While it’s challenging to generalize, given the sheer number of events that have and continue to take place, conversations with eight protest organizers, as well as historians and researchers, suggest some commonalities amid the vibrant, multiracial, and predominantly peaceful demonstrations taking place outside of large cities. They’re often led by first-time organizers in their teens and 20s, often women, who have adapted the traditional models of urban-style political demonstrations to suburban sprawl or rural areas. And they’ve done so at incredible speeds by leveraging social media.

“One of the reasons we’re seeing these protests in suburban and exurban places is because organizers don’t need connections to movements or Black institutions or churches,” says Ashley Howard, a historian and professor at the University of Iowa working on a book about urban rebellions of the ’60s. “They already have networks in place through social media.”

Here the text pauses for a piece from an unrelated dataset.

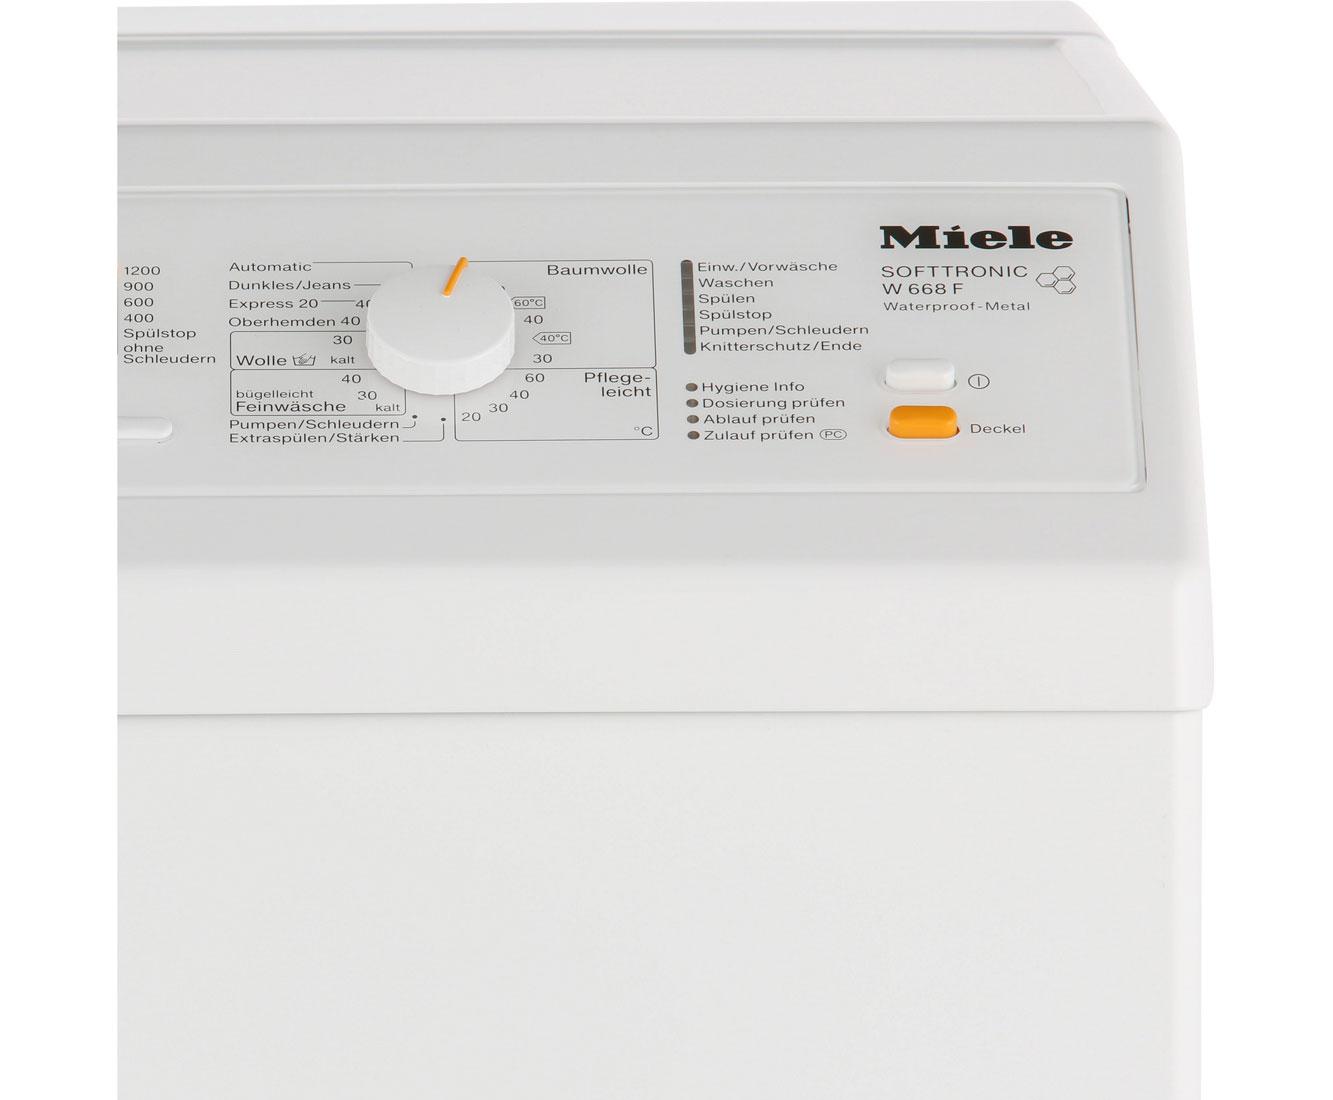 Miele W 668 F Wpm Waschmaschine Weiß Toplader 6 Kg 1200 U Min A
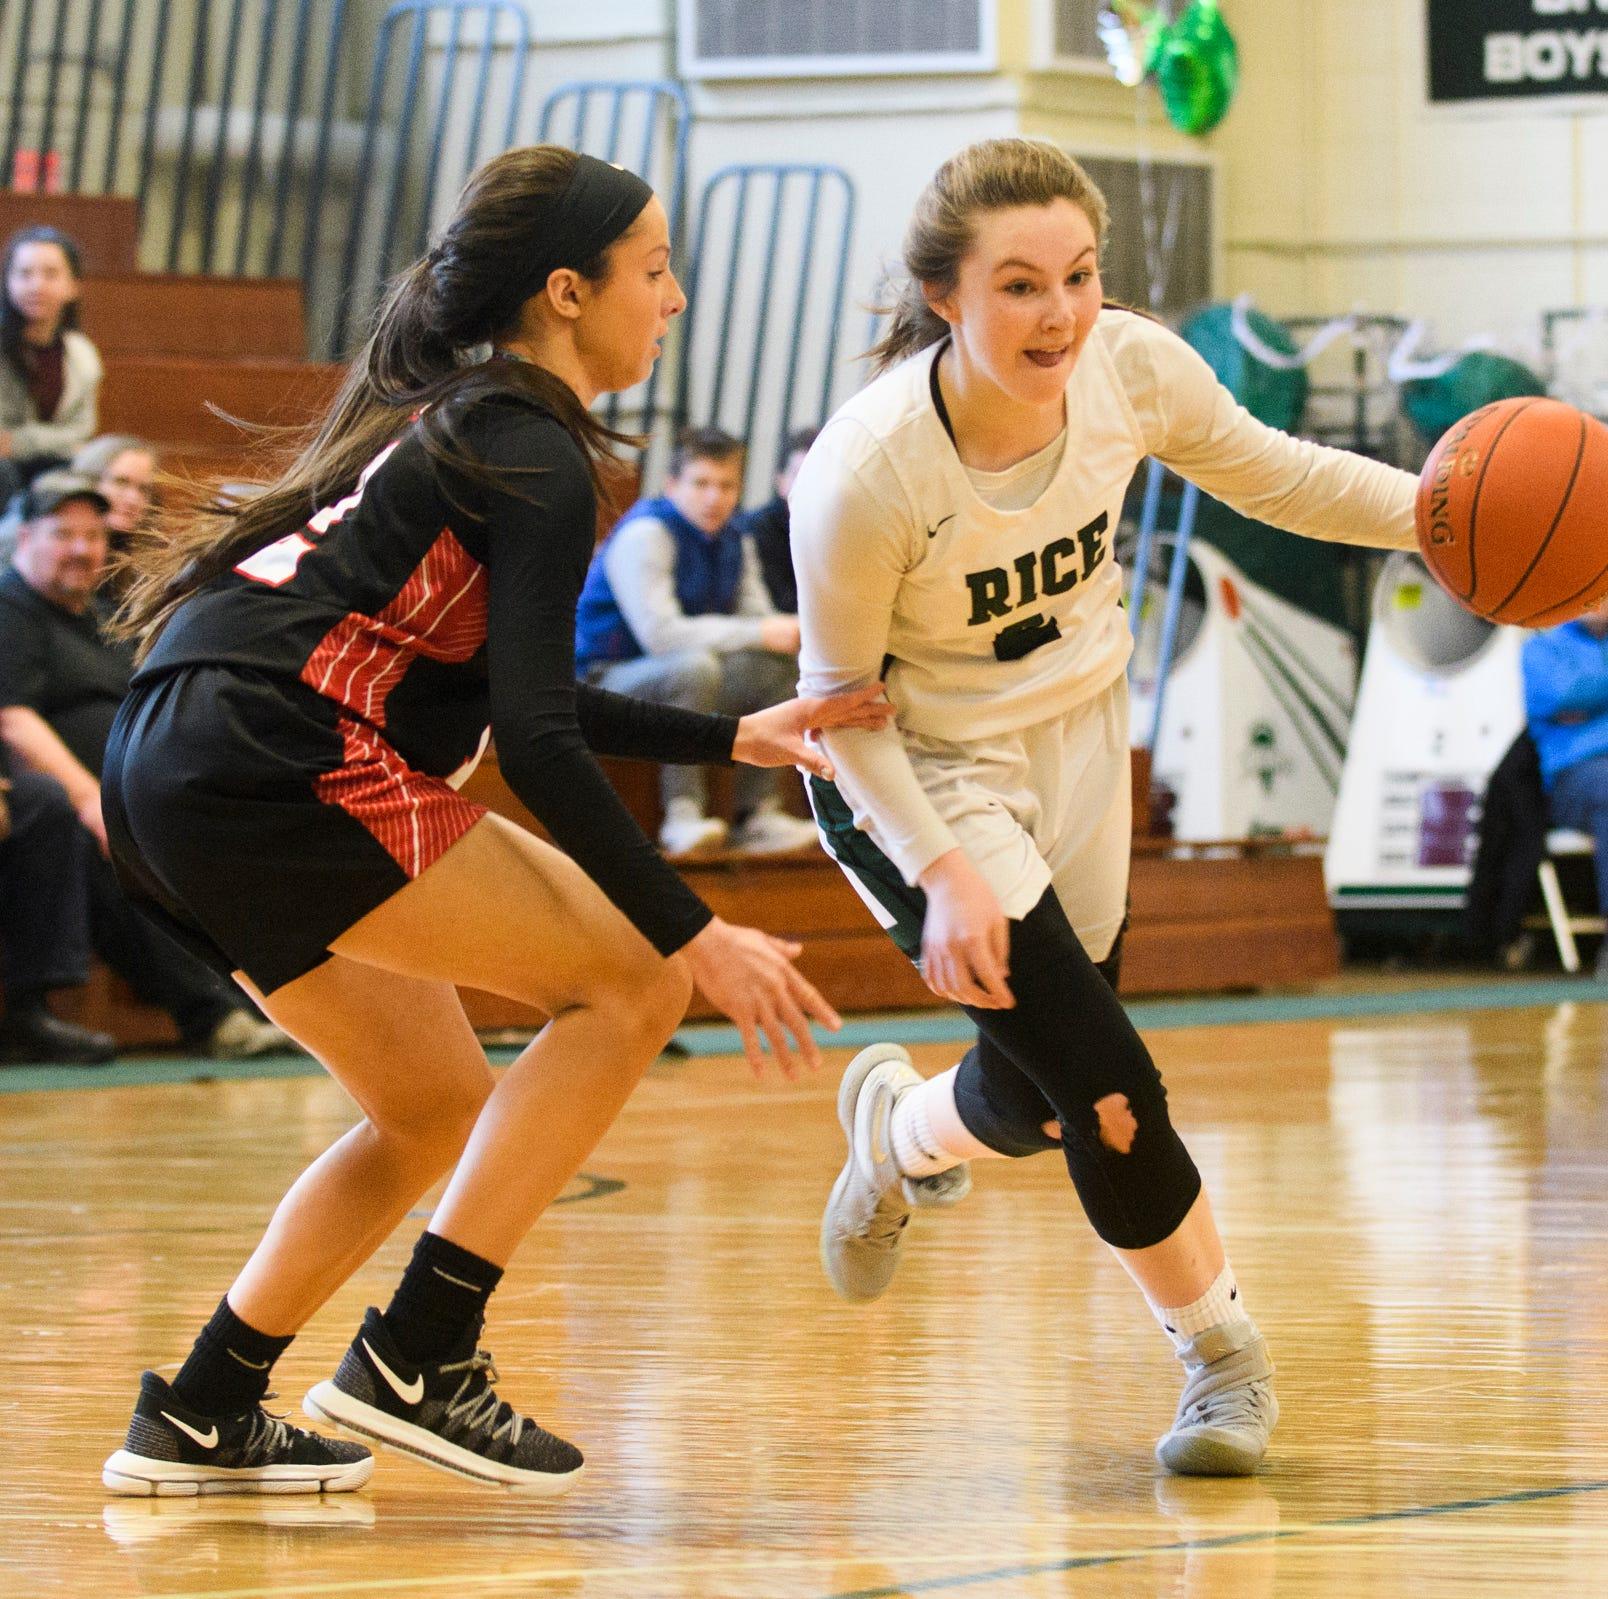 Vermont high school playoffs: Rice rallies to book Final Four trip

These protests also reflect the demographic shifts and diversification of U.S. suburbs and exurbs in recent decades, a challenge to the stereotype of a monochromatic suburbia. While much has been said about how unexpected it may be for the current wave of protests to have moved beyond urban centers, many organizers and activists say the suburbs — where many residents may not believe there are issues of systemic racism — are exactly where these protests belong.

And Naperville, wealthy suburb home to recent racist events and protests in the last decade, gets a mention.

See my own recent thoughts on the spread of protests to wealthy suburbs. As noted above, the combination of more racially diverse suburbs, the high status of numerous suburbs, and political change in suburbs means suburban protests are more normal. Whether this translates into (1) changed suburban communities – reduced residential segregation? – and (2) changed state and national politics – led by suburban voters? – remains to be seen.

I’m glad this data is being collected and I would guess it has a lot of potential for academic research. As previous research has examined, how did these protests diffuse across the United States? What are the patterns in the communities that had protests?